Video of the week: Lazernaut (Denmark) – The Method (single)

We’ve had a few ‘scientific’ songs and videos, I recall one from the strangely named Creutzfeld Jakobs earlier this year and before that Sweden’s Marten Lanke with his ‘Robot’. There was also a character in a Stinako (Finland) video who called himself the Lazer Blader or something like that.

You know immediately where you stand with Lazernaut, whose real name is Asger and this is his solo project. He projects himself thus: “a Danish polymath who works with music and video games, sometimes blending the two.”

Well, video games we haven’t featured yet but there is an interesting video accompanying this release (12th May) of ‘The Method.’ He lists his influences as Kraftwerk, Depeche Mode, Men without Hats and others.

You won’t find much of the Basildon boys in this song; there’s quite a lot of Men without Hats; and there’s a smidgen of Kraftwerk in the sense that it might be their Eurovision entry. Indeed it perhaps should have been Denmark’s this year as cute Reiley was dumped out in the semis last night.

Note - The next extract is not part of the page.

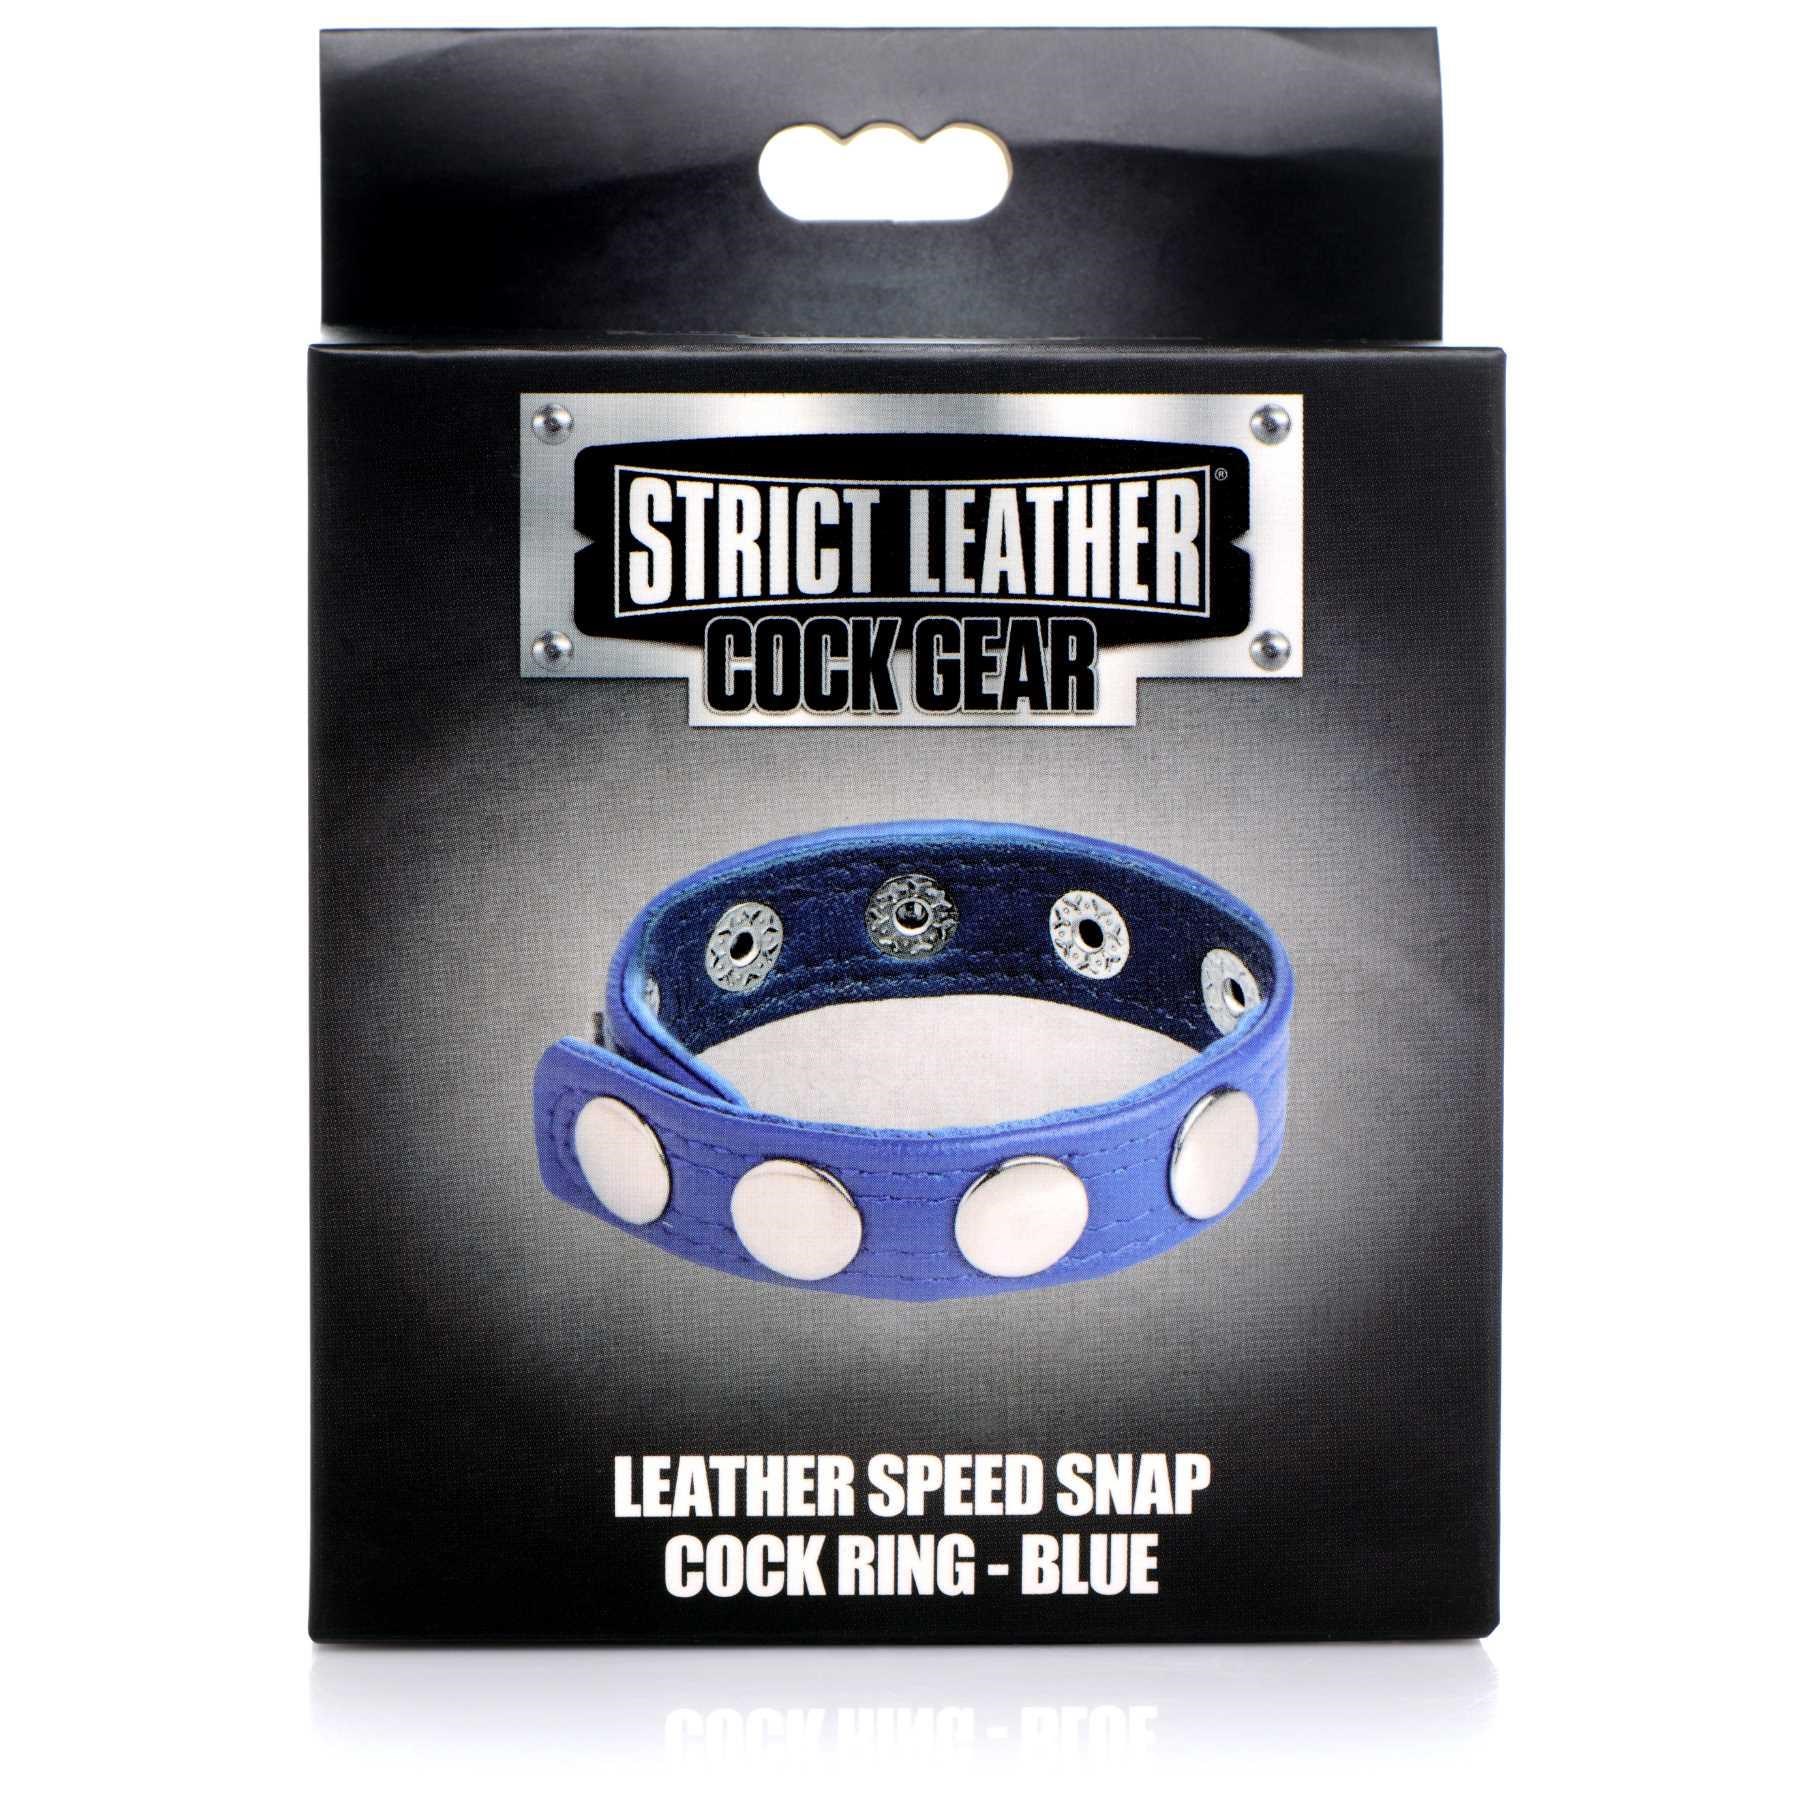 Cock Gear Leather Speed Snap Cock Ring packaging

The Kraftwerk hook for Lazernaut is “how much they can accomplish with so little.” And when all is said and done that’s what this amounts to. It’s a synthesiser, a drum machine and a set of instructions. But hey, you can dance to it.

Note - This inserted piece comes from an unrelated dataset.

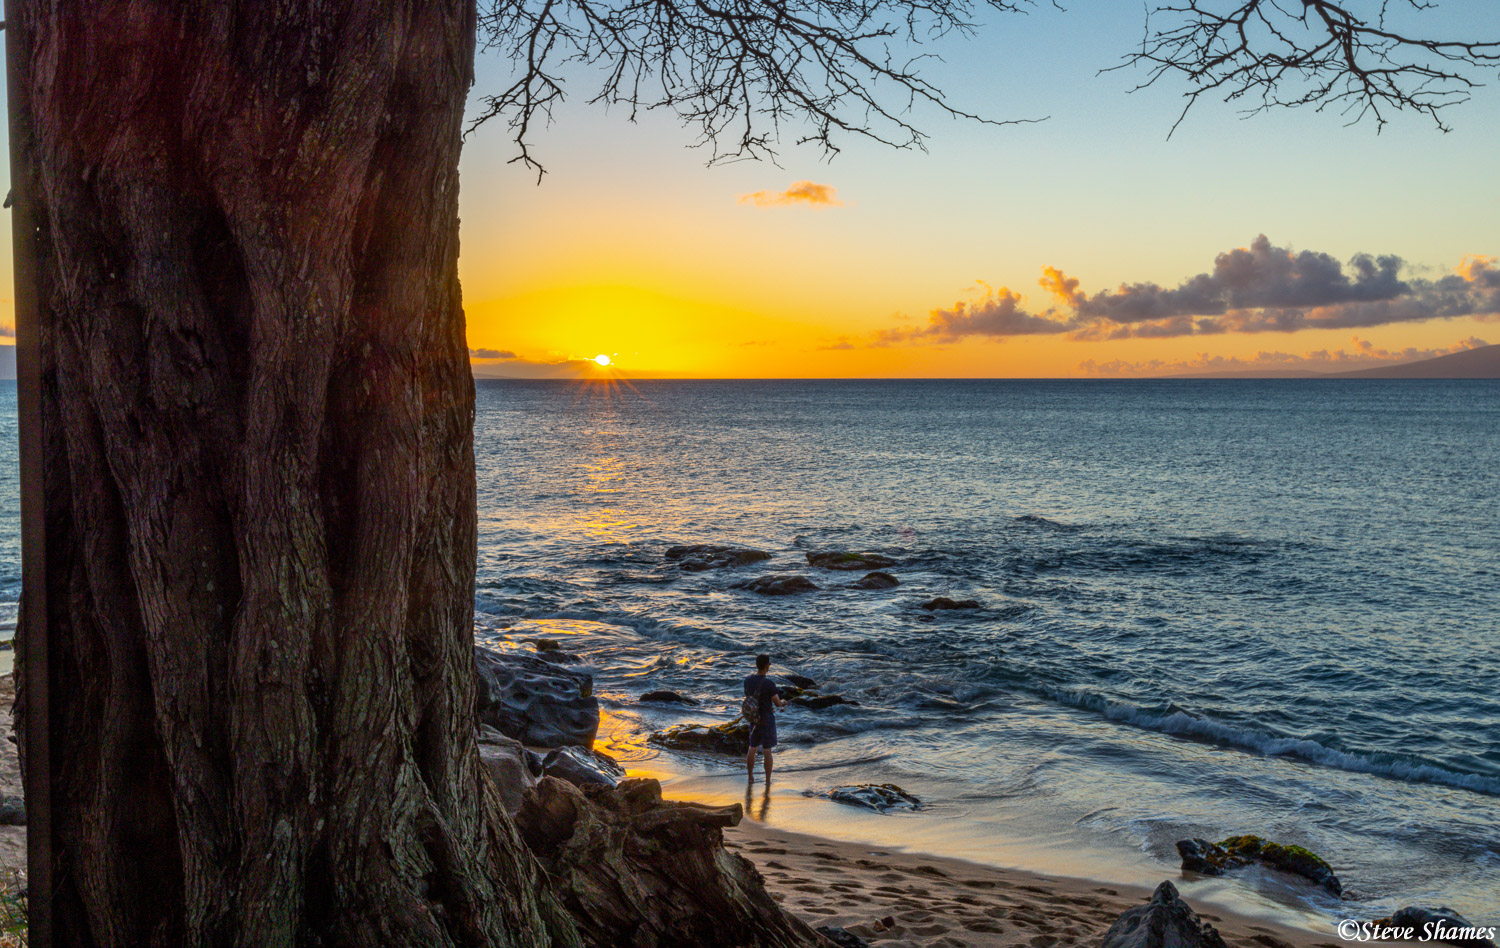 This guy fishing kind of added a little context into this sunset scene at Pohaku Park in west Maui.

I don’t pretend to know what’s happening in the video. The two ladies with early Star Trek hairstyles seem to be examining different types of detergent or washing up liquid, in the colours of Ukraine. Perhaps it’s a secret weapon for the spring offensive.

I love the way the instruction is to “observe” immediately before two shapely pairs of legs appear on the screen.

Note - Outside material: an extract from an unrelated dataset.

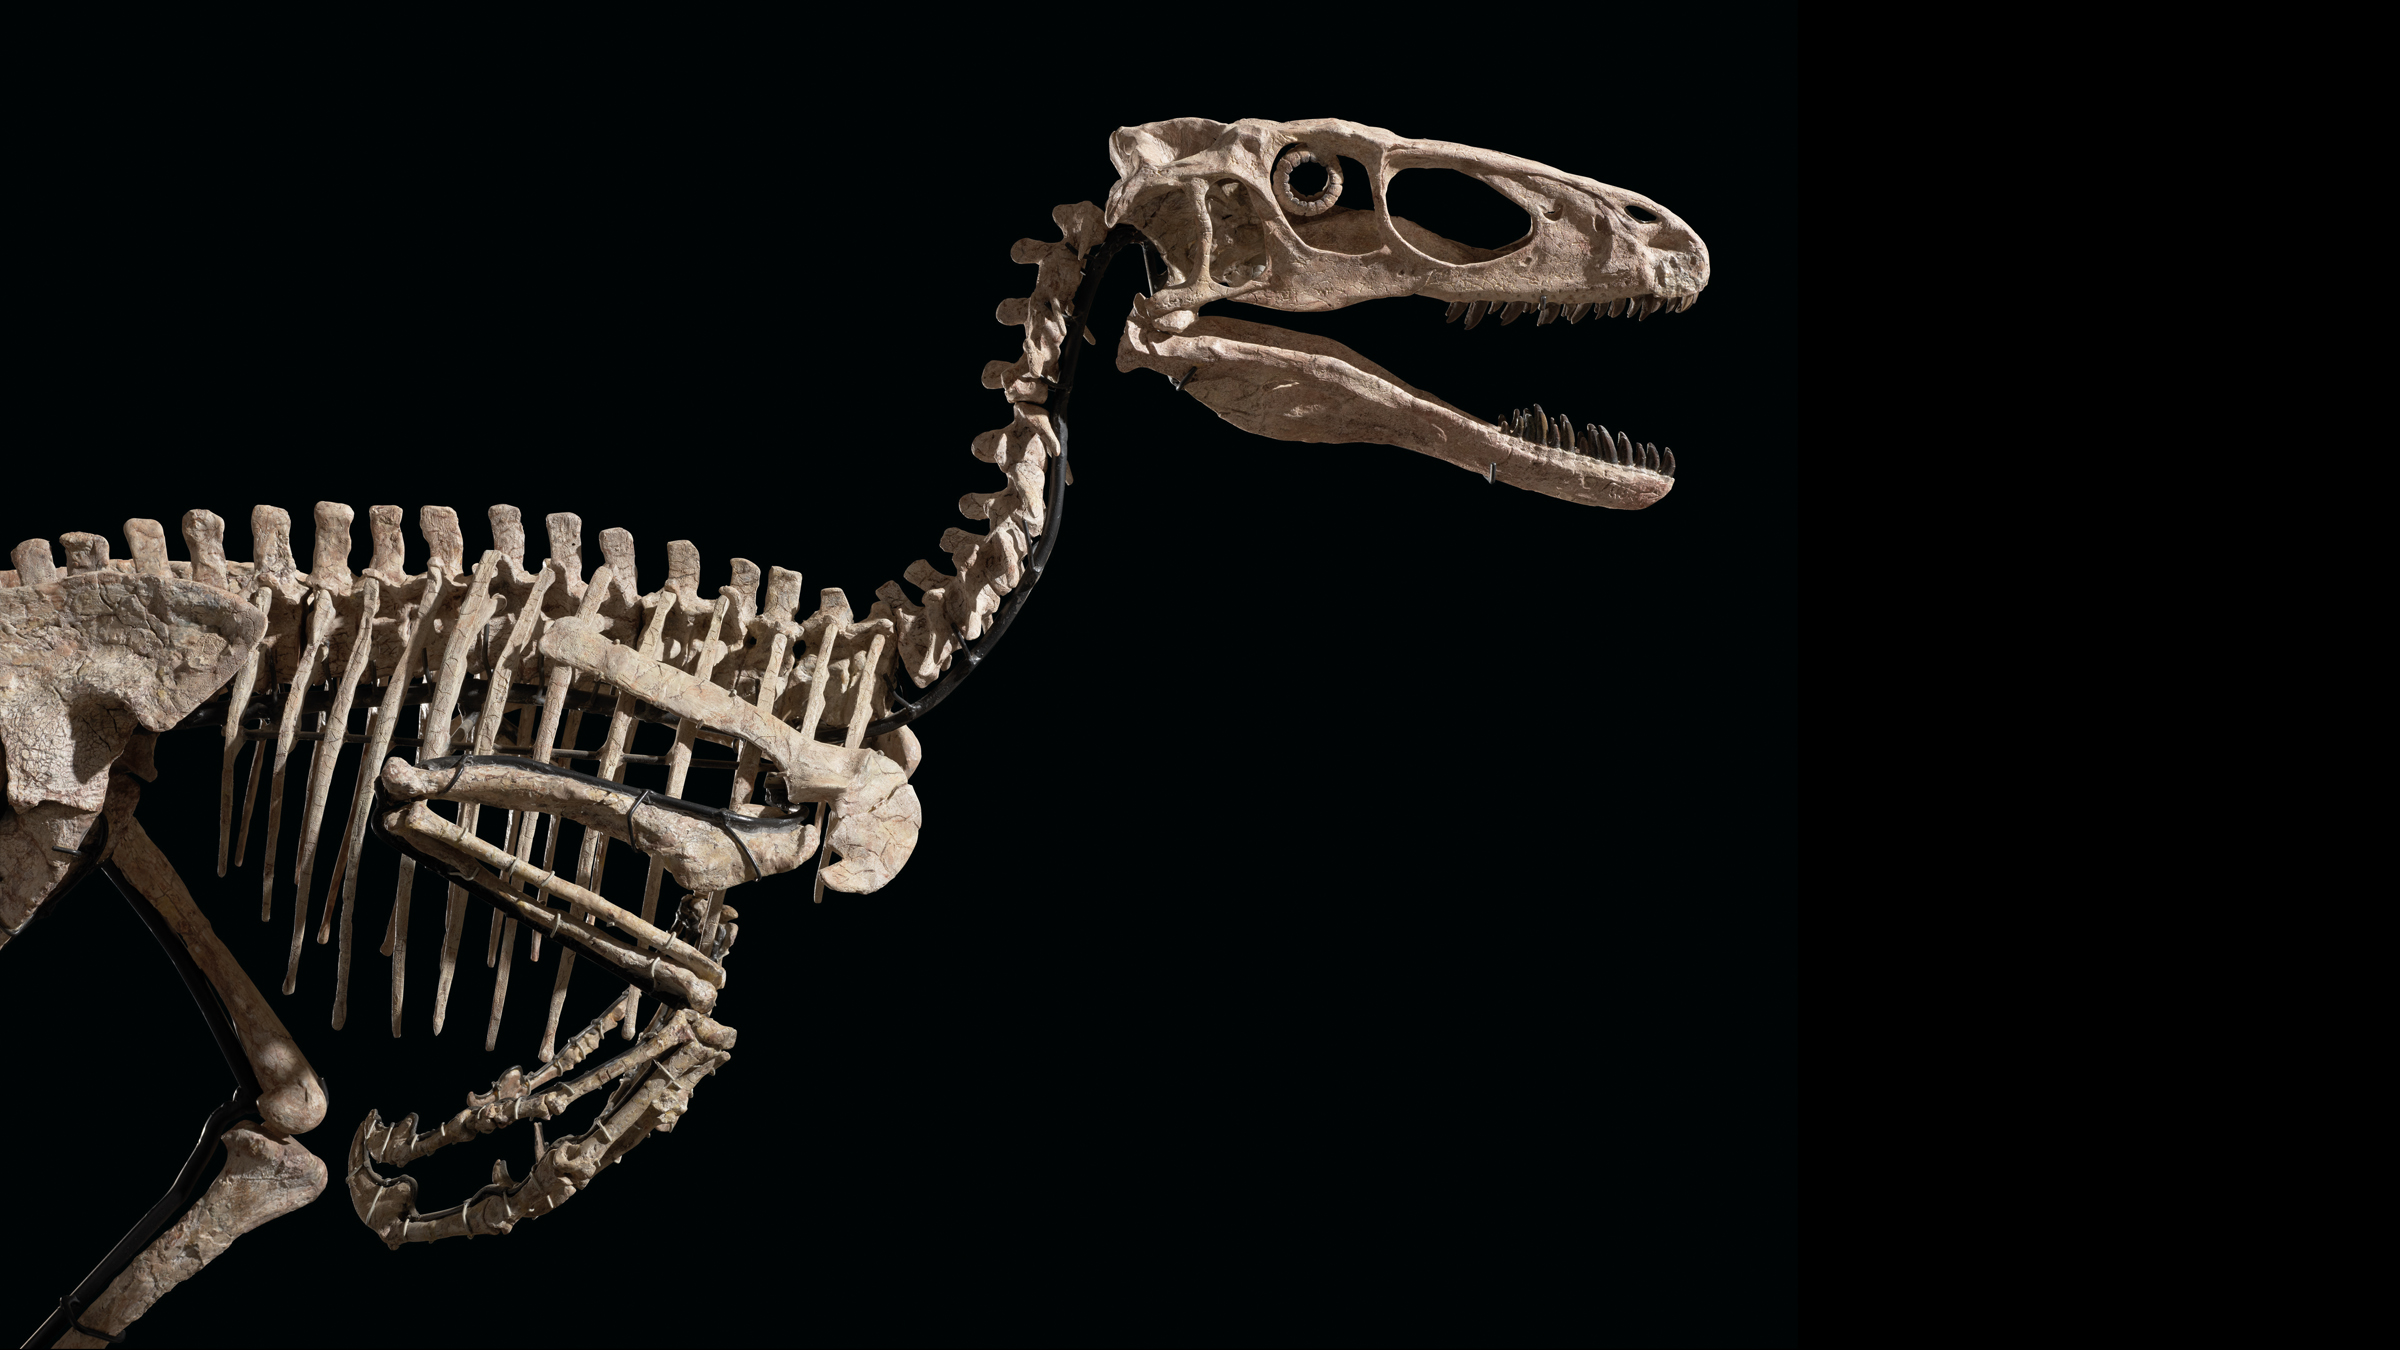 A photograph of the boneless head and shoulders of Deinonychus.

Then it seems that the liquid is intended for a syringe to be applied to the volunteer, like a scene out of O, Lucky Man! before it “finally concludes.” Perhaps all will be revealed in ‘The Method 2.0’.

A couple of observations.  Firstly, I doubt that video came cheap. Quite a lot of care was lavished on it.

Secondly, I’ve heard plenty of songs a lot worse than this climbing up the British charts. It’s usually when they combine being danceable with ‘novelty’ and in this instance both qualities come together very nicely. It’s all in the method you see.